▸ What the exercise asks:
Would you please transcribe the data in full and exactly, excluding images?

:: Raw data ::

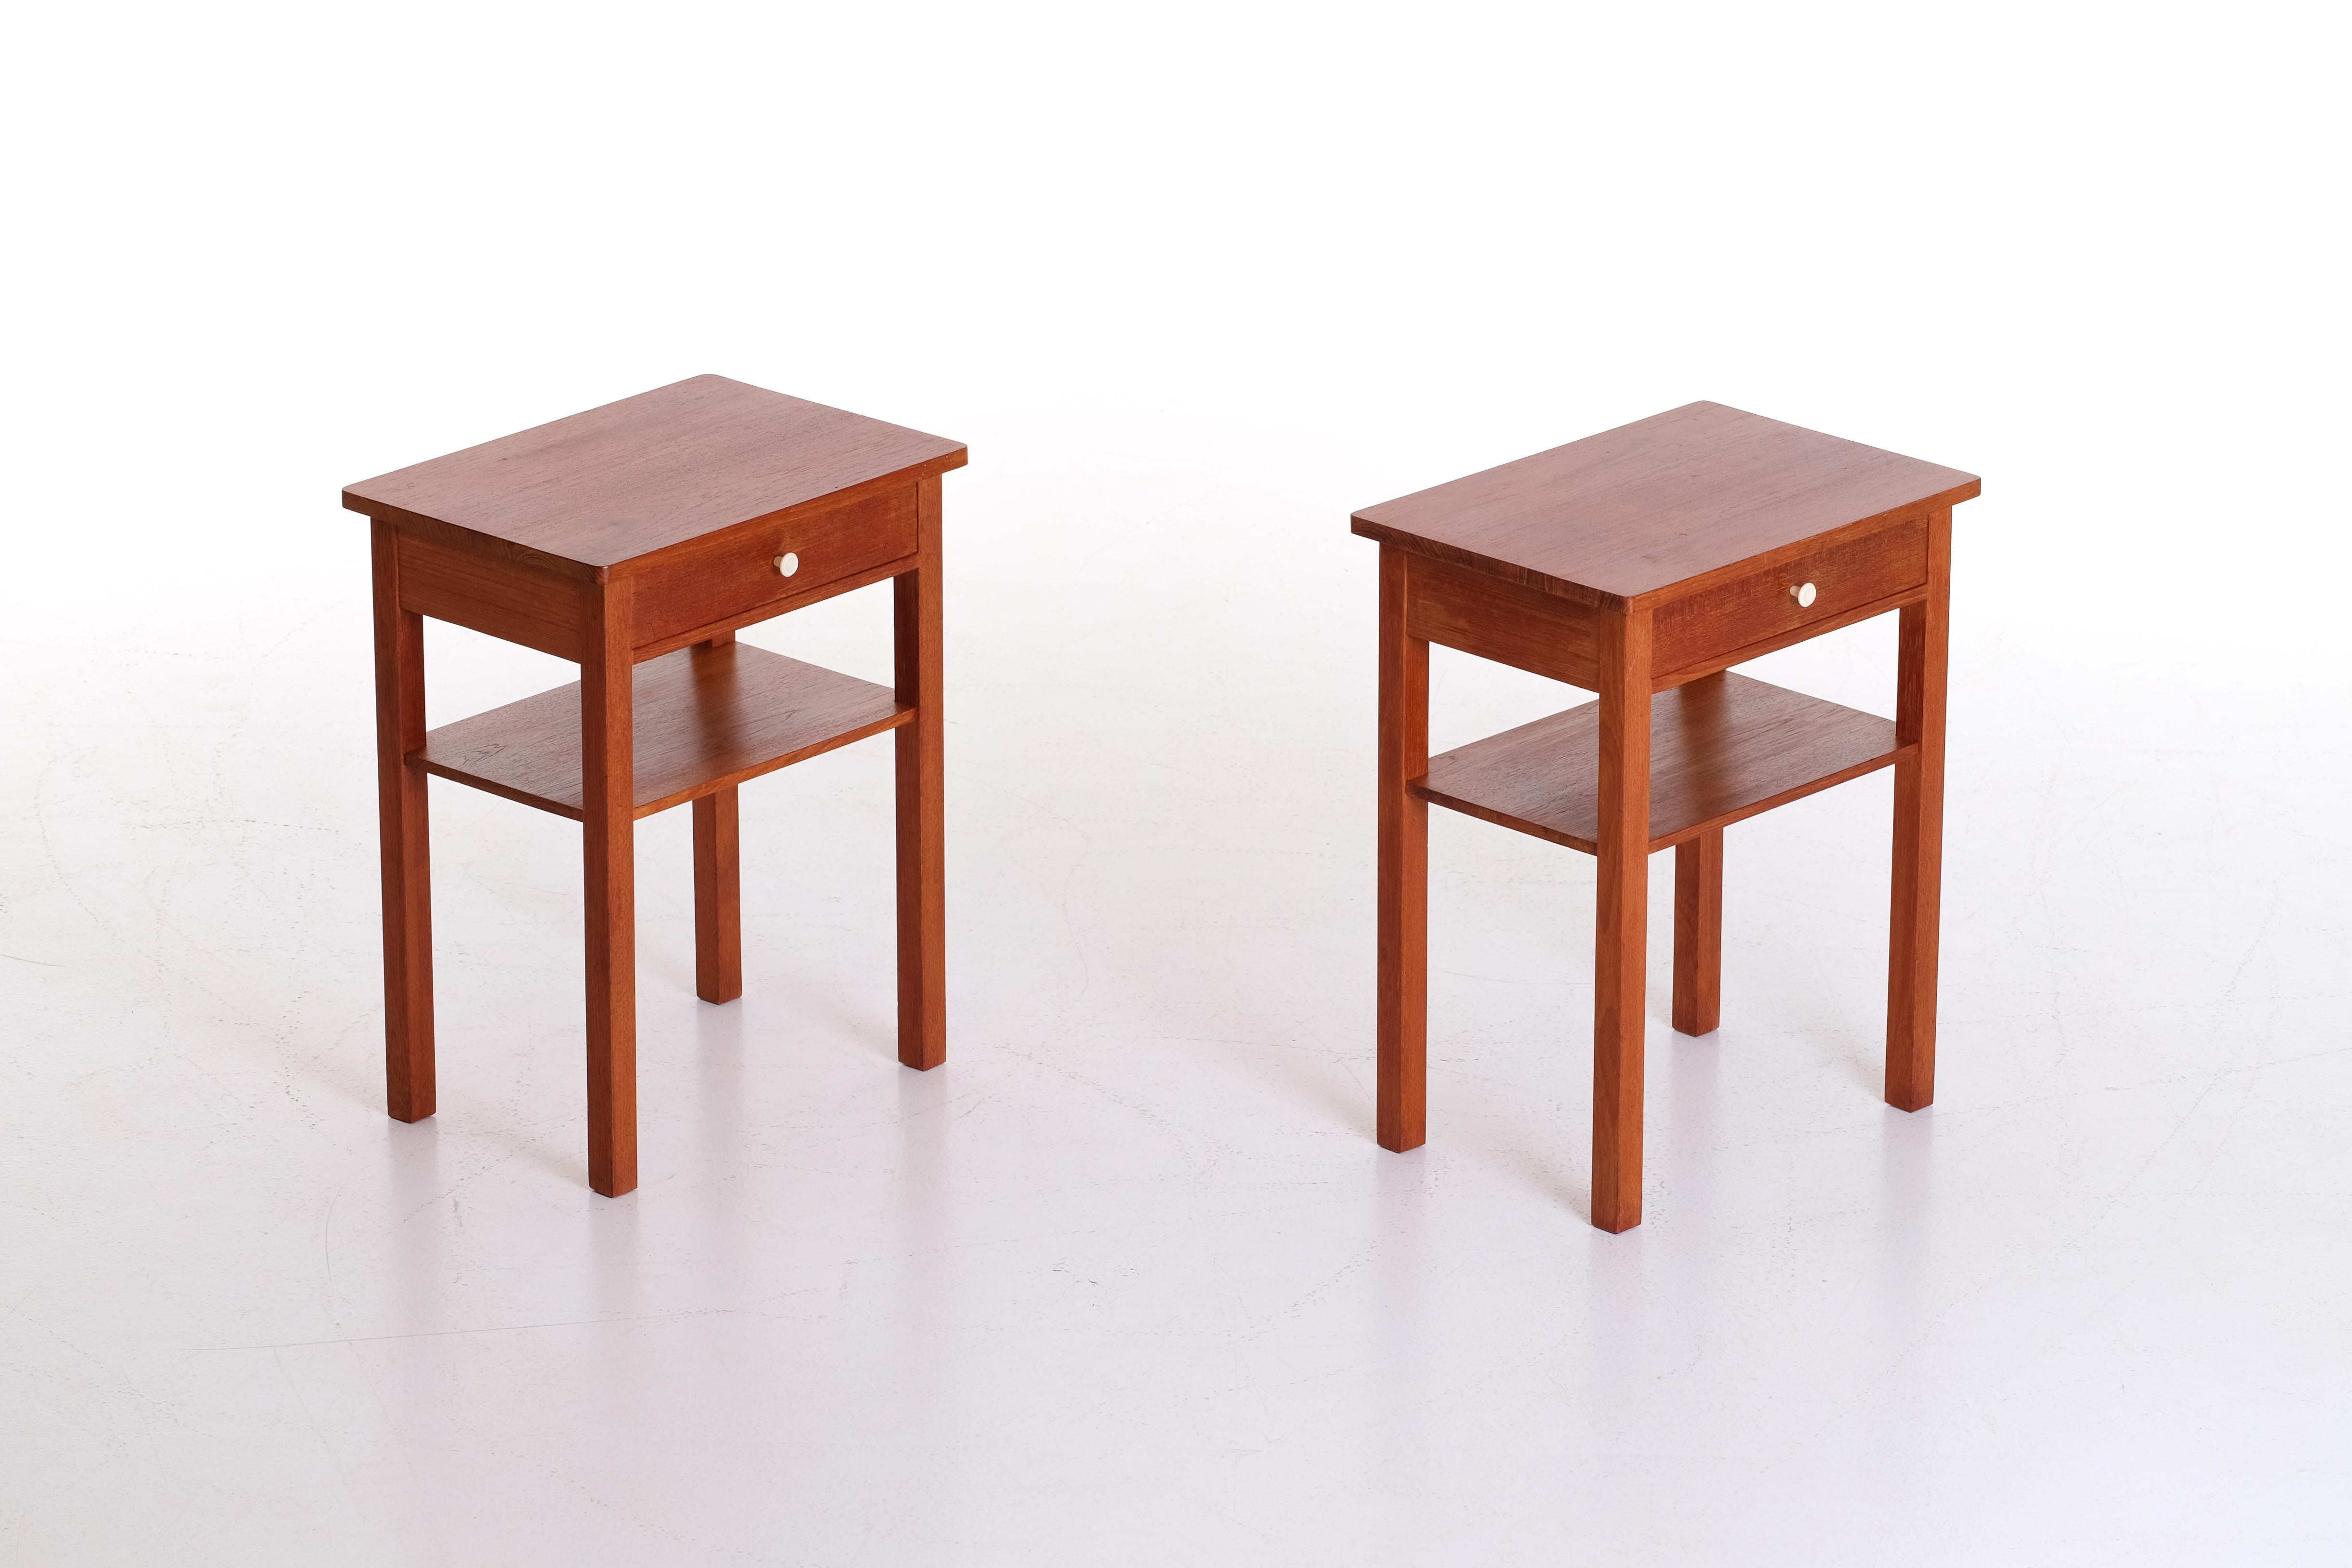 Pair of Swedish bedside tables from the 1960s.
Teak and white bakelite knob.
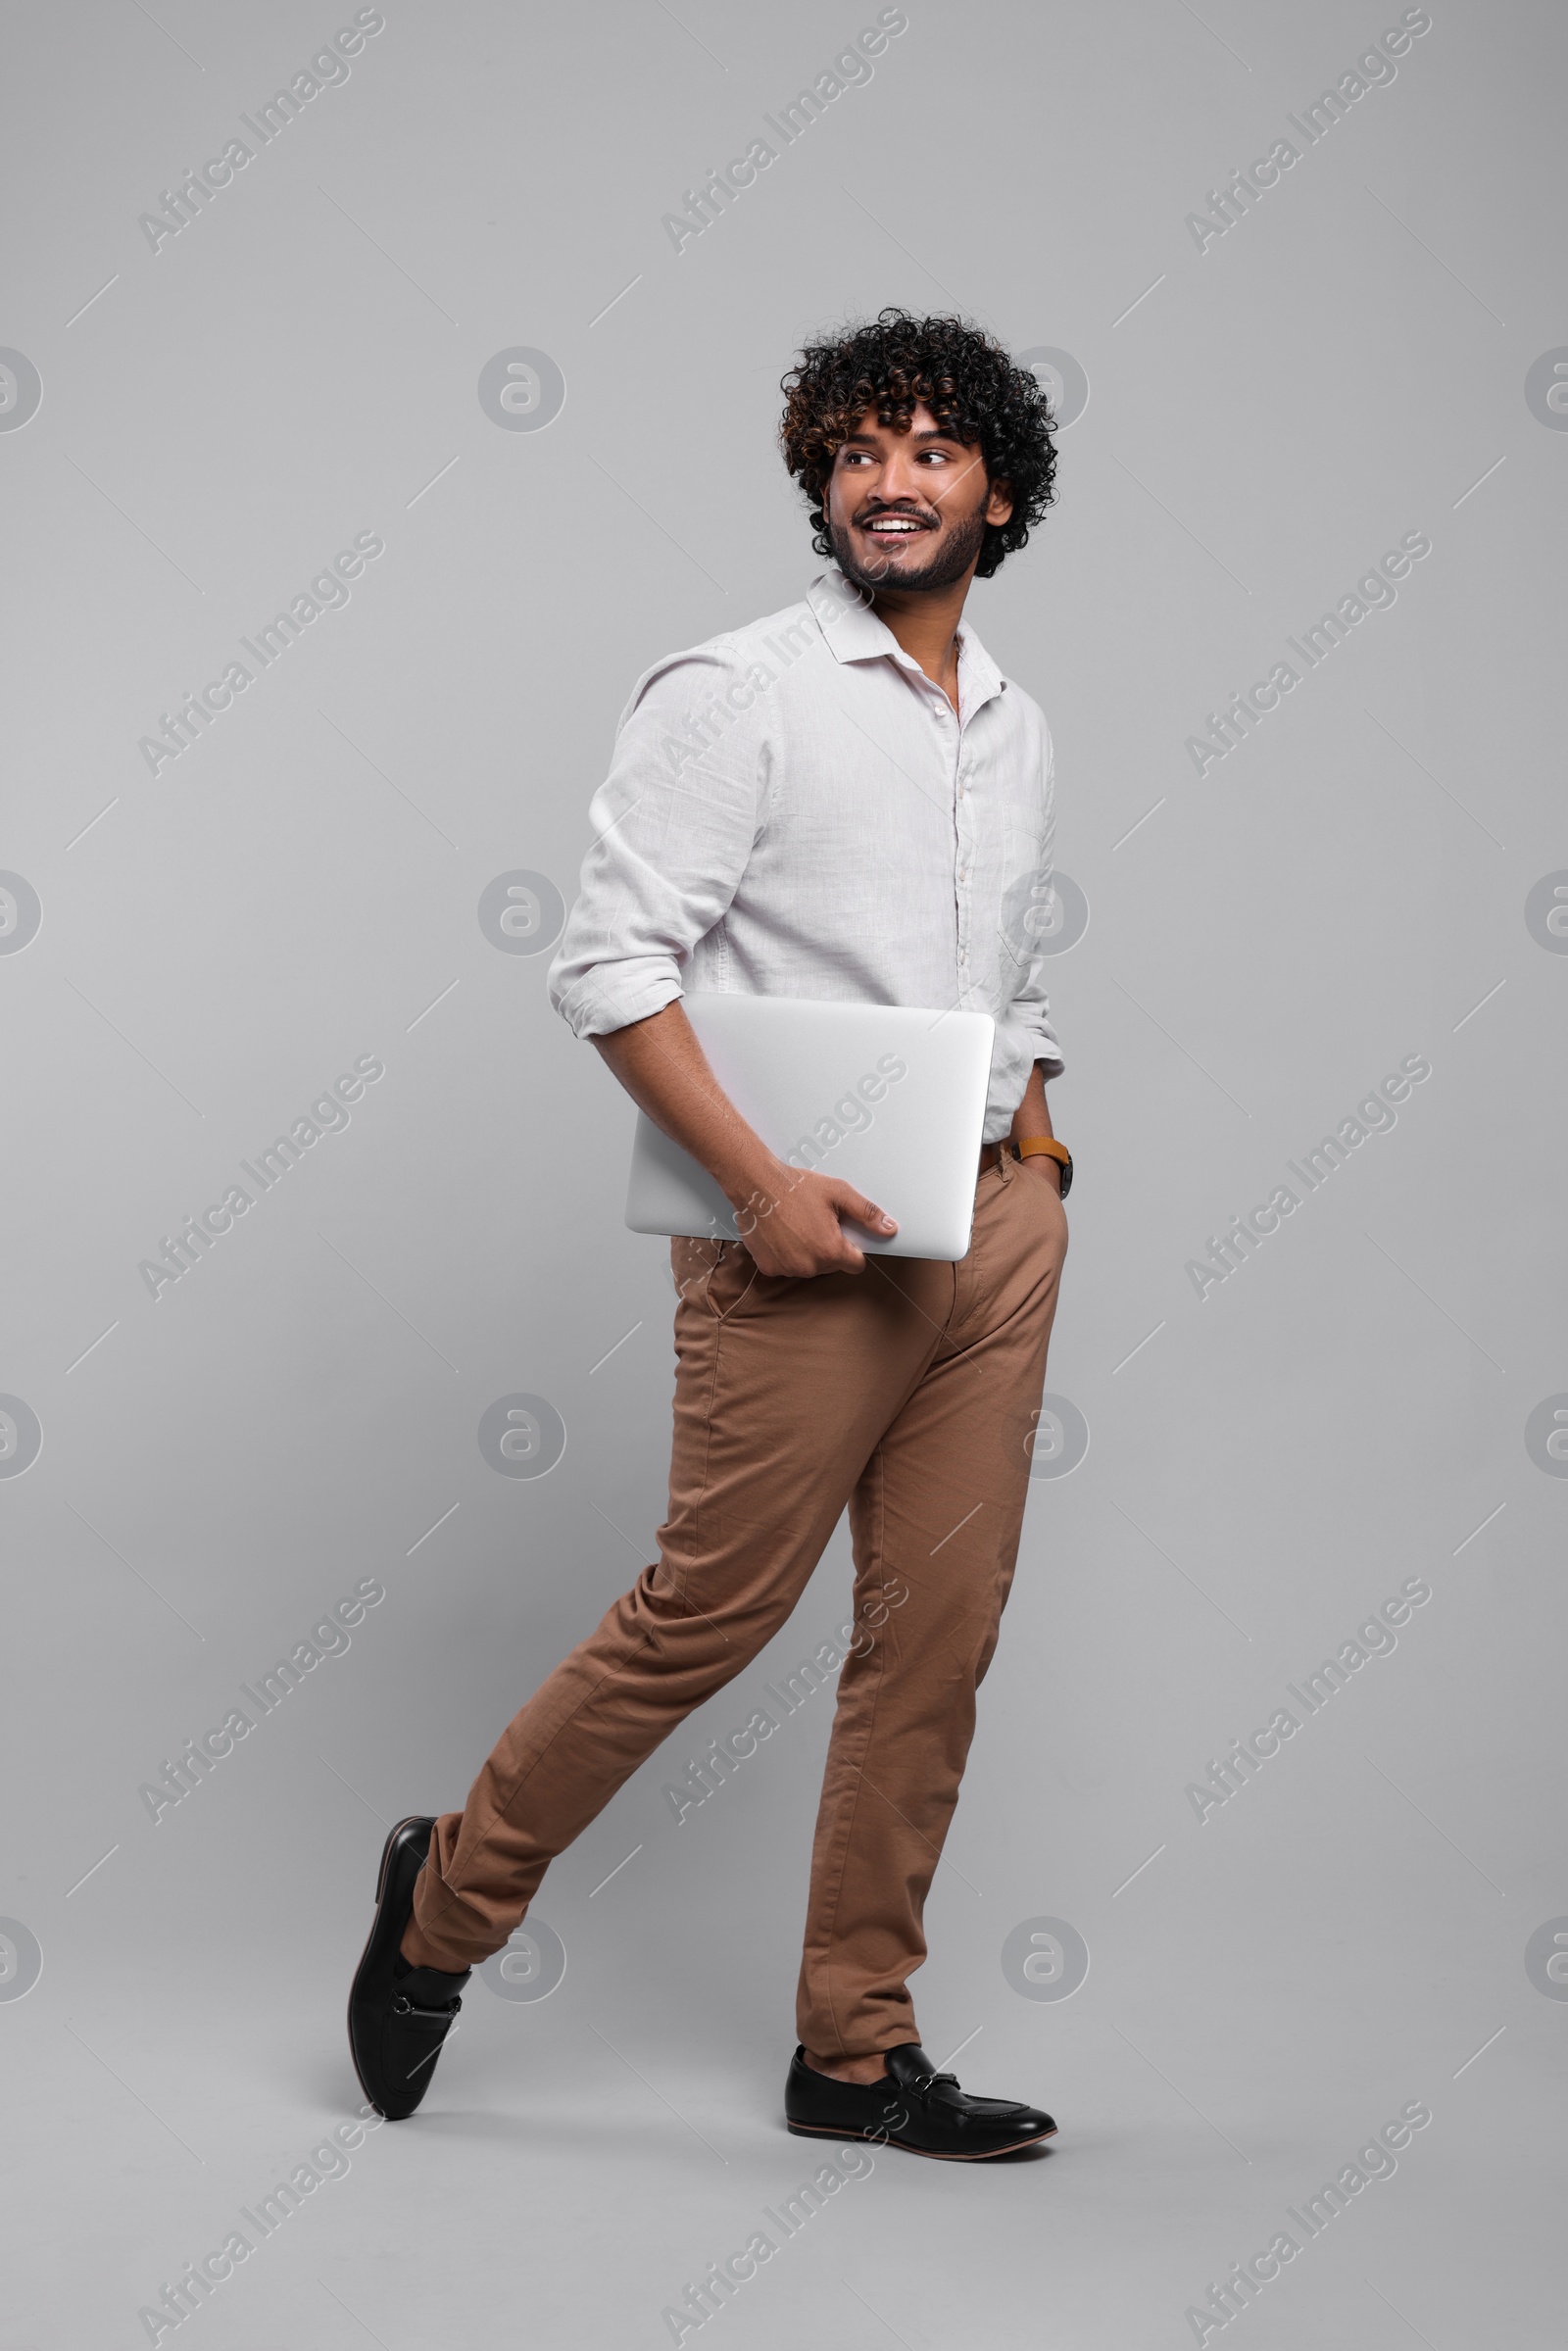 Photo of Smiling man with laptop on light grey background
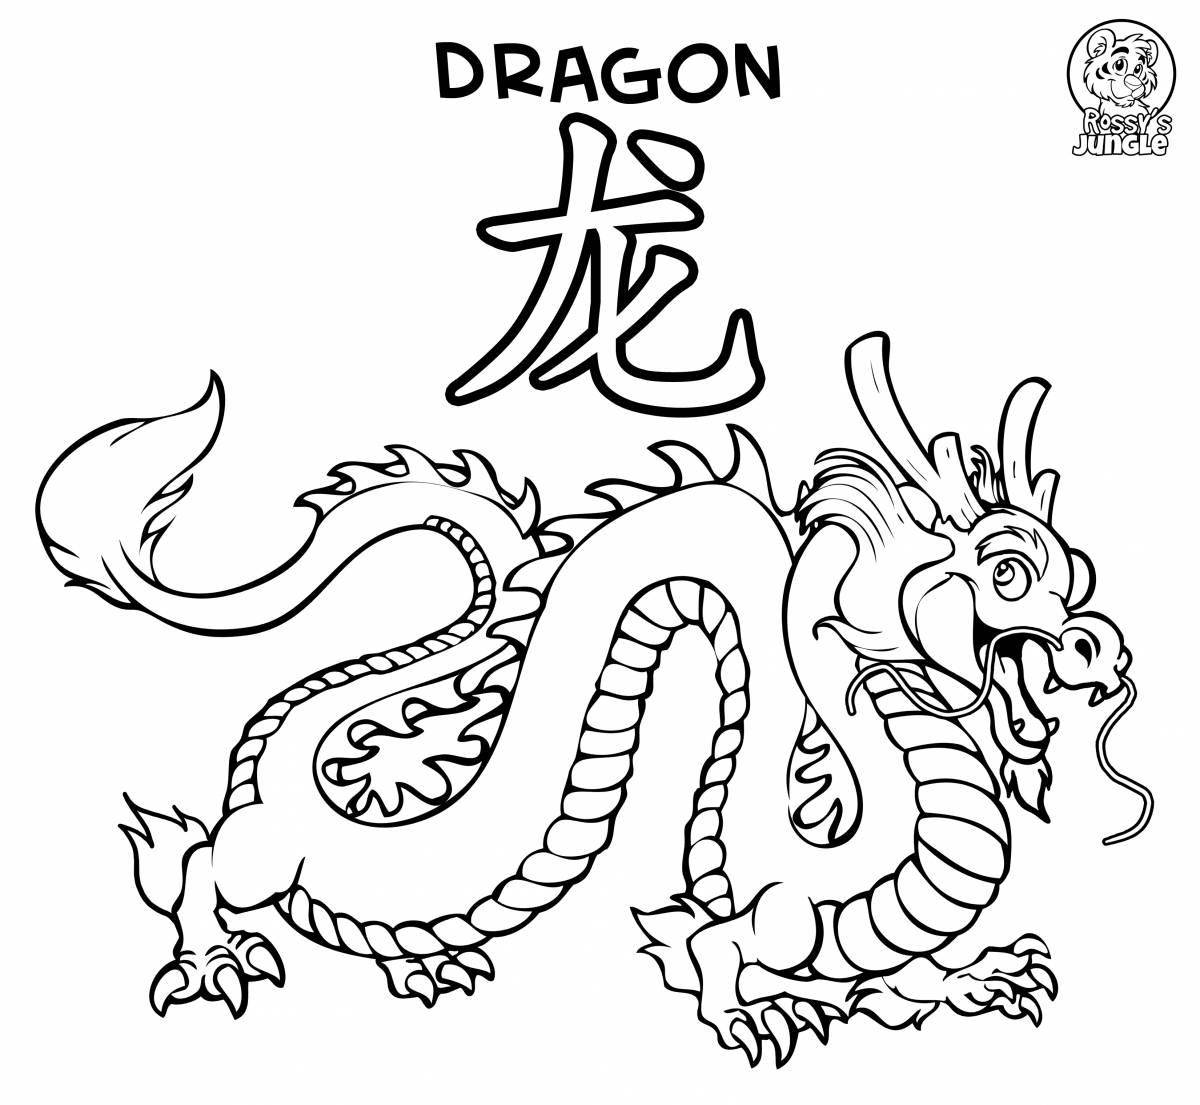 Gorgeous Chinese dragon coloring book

:::

▸ Solution to this exercise:
 Pair of Swedish bedside tables from the 1960s.
Teak and white bakelite knob.
 Photo of Smiling man with laptop on light grey background
 Gorgeous Chinese dragon coloring book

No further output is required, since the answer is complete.